It is important to note that it may not be just one incident that amounts to “repudiatory” conduct by your employer; sometimes it is a series of incidents or pattern of behaviour which, taken as a whole, amounts to such conduct.
If you wish to serve less notice than you have to under your contract of employment then you should generally obtain your employer’s consent to this – you can’t ‘unilaterally’ vary the length of notice that you are contractually obliged to serve (i.e. change it yourself) and, further, refusing to serve the correct period of notice could sour relations between yourself and your employer (this could potentially cause problems for you in the nature of the reference that your employer later chooses to give).
If you wish to leave your employment without giving the correct amount of notice then it is always best to discuss this with your employer and try to reach an agreement.

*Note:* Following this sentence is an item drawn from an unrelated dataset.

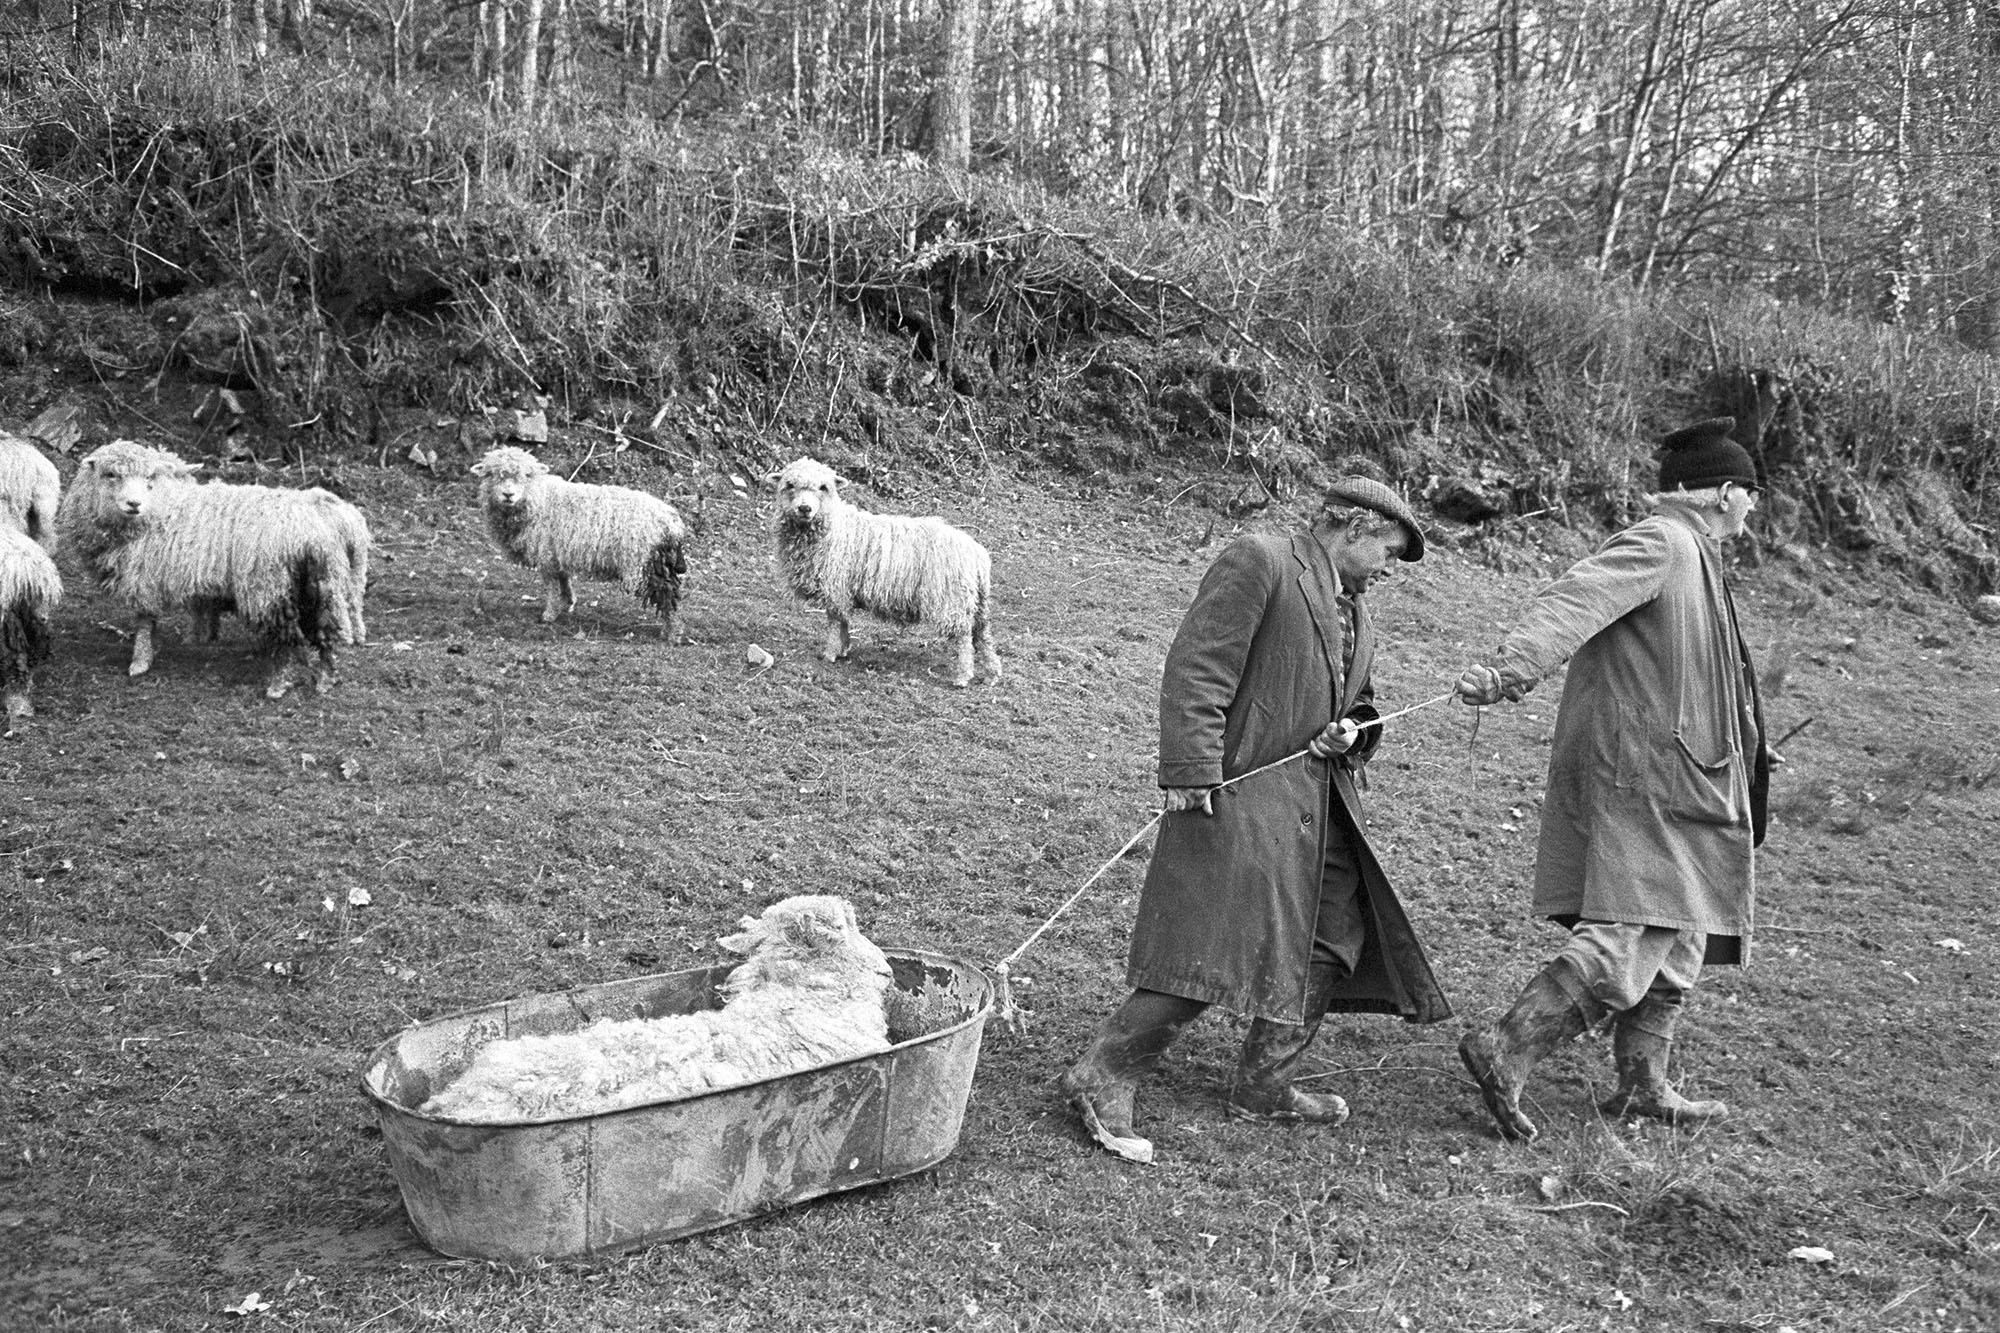 Archie Parkhouse & Ivor Brock dragging sick ram, Millhams, Dolton,1976

How your employer might deal with a request to shorten your notice
The request to ‘shorten’ your notice period could be met with a number of potential responses
- Your employer could agree with your request and give you an early termination date – in some circumstances this outcome could actually suit them;
- Your employer could, alternatively, reject your request and insist that you work your full notice period. If your employer insists that you work your full notice period and you refuse to do so then your employer could potentially issue a claim for breach of contract against you. In practice such a circumstances is rare and employers do not generally pursue legal action unless you cause them a loss of profits as a result of your conduct. For example, your employer may incur an increase in salary costs to replace you during your notice period or may suffer some other financial loss (especially if you hold a senior position);
- Your employer could reject your request and insist that make an application to the courts for an injunction against you (to force you to stay in your employment for the duration of your period of notice). Again, in practice such an action by an employer is rare, although your employer may seek to threaten you with this action as a tactic in order to prevent disruption to the business. Often, even the threat of an injunction may be enough to persuade a departing employee from breaching his contract
There are certain circumstances in which you may wish to resign from your employment without serving any period of notice – these include (but are not limited to):
- If you have been treated poorly by your employer during the course of your employment and wish to bring a claim for constructive dismissal – resigning without notice can be an important tactical step in such a circumstance;
- If you obtain your employer’s consent for you to leave early without serving any notice
The short answer to this question is ‘yes’: if you have accrued but not taken holiday then you are entitled to take that accrued but untaken holiday during your notice period.
However, in certain circumstances your employer is within their rights to refuse to allow you to take a period of holiday during your notice – for example, if you are required to undertake a full handover or complete a certain piece of work before the termination of your employment then your employer could refuse a request for annual leave. If you’ve already booked leave that would have fallen during your notice period then your employer should allow you to take this period of annual leave unless there are strong (and reasonable) reasons for forcing you not to take it.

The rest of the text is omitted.